The effect of oestradiol and progesterone concentrations on the uterine PGF2{alpha} response to oxytocin was investigated by measuring 13,14-dihydro-15-keto PGF2{alpha} (PGFM) secretion. One week after ovariectomy, 27 ewes were administered progestagen for 10 days followed by oestradiol for 2 days. Day 0 was designated as the time of the last 'oestrous' oestradiol injection. Six groups of ewes (n = 4) were then treated for 12 days with a high or low dose of progesterone (36 or 12 mg day–1) either alone or with a high or low dose of oestradiol (36 or 12 µg day–1) administered (in 1 ml of corn oil by i.m. injection, at intervals of 8 h) in a pattern designed to simulate a natural oestrous cycle profile. A control group (n = 3) was given corn oil alone. Ewes were treated with 1 µg oxytocin (i.v.) on days 4, 8 and 12 of the simulated cycle and plasma was collected for assay of PGFM. An oxytocin-induced PGFM response occurred only on day 12, when the response was suppressed by high doses of progesterone and stimulated by high oestradiol doses.
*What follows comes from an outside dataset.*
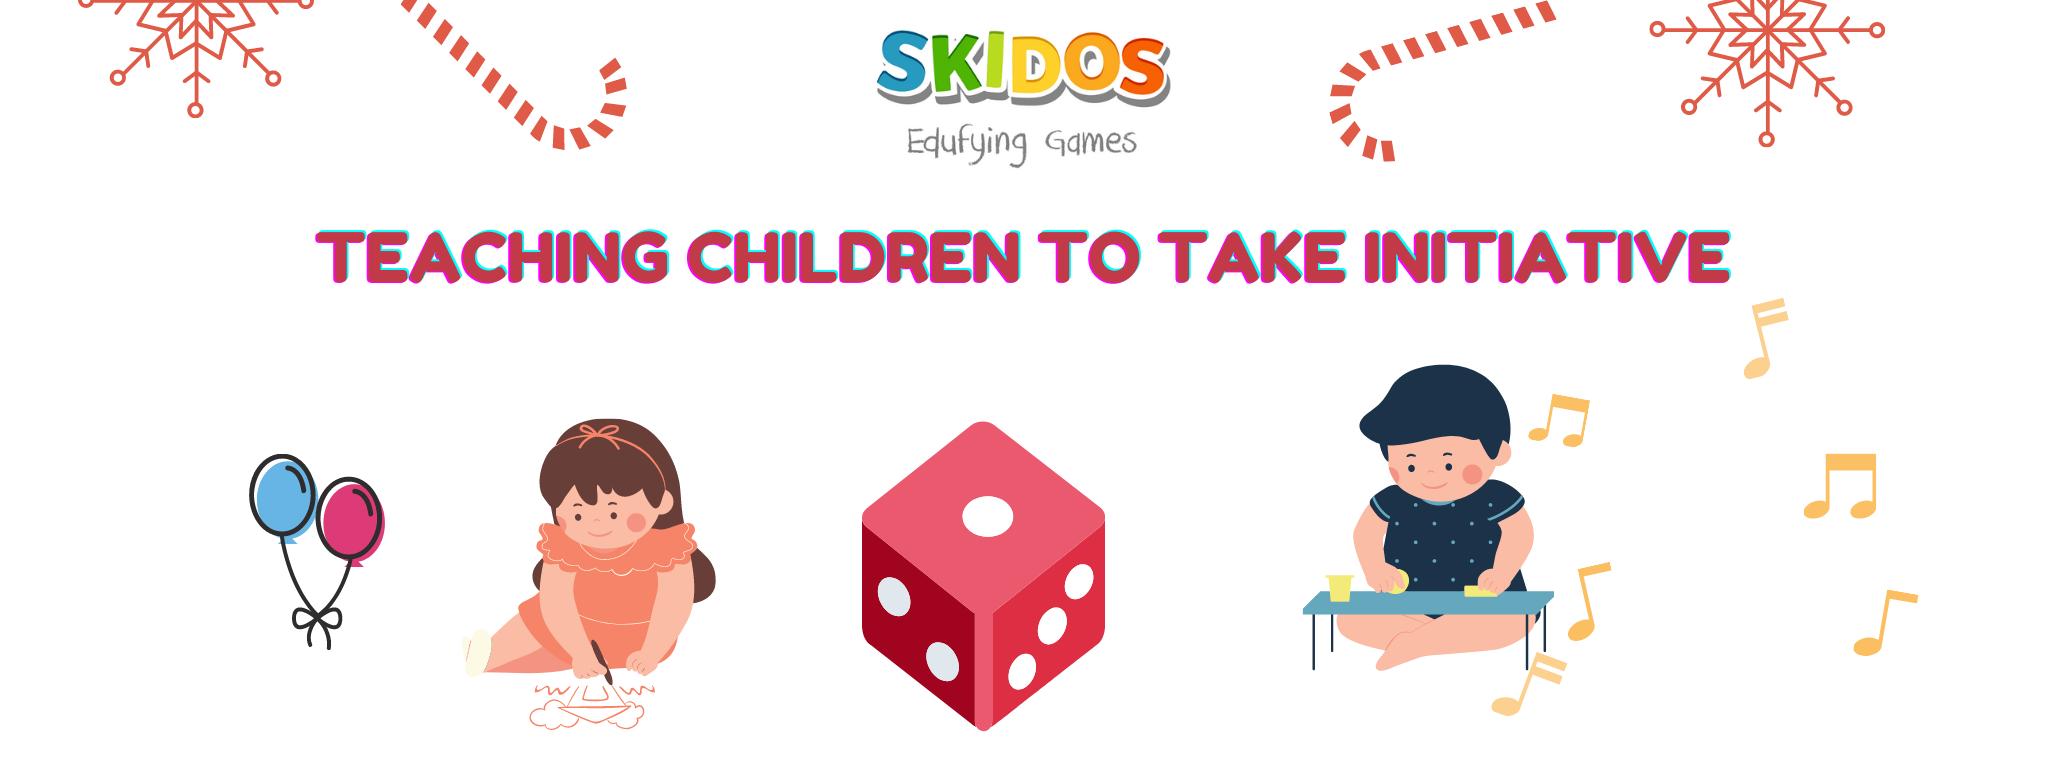 Teaching children to take initiative: How to? 5 Easy Ways!

There was a significant effect of progesterone (P < 0.05) and a highly significant effect of oestradiol (P < 0.01) on the pattern of PGFM release in response to oxytocin. Low progesterone/high oestradiol stimulated the largest and most sustained increase in PGFM following oxytocin. There was a significant relationship between the oestradiol:progesterone ratio and the mean PGFM response on day 12 (P < 0.05). This is the first demonstration of a quantitative effect of steroid hormone concentrations on the PGFM response to oxytocin in ewes, and indicates that in early pregnancy, ewes with a high oestradiol:progesterone ratio may generate larger PGF2{alpha} episodes thus increasing the risk of a failure of the maternal recognition of pregnancy.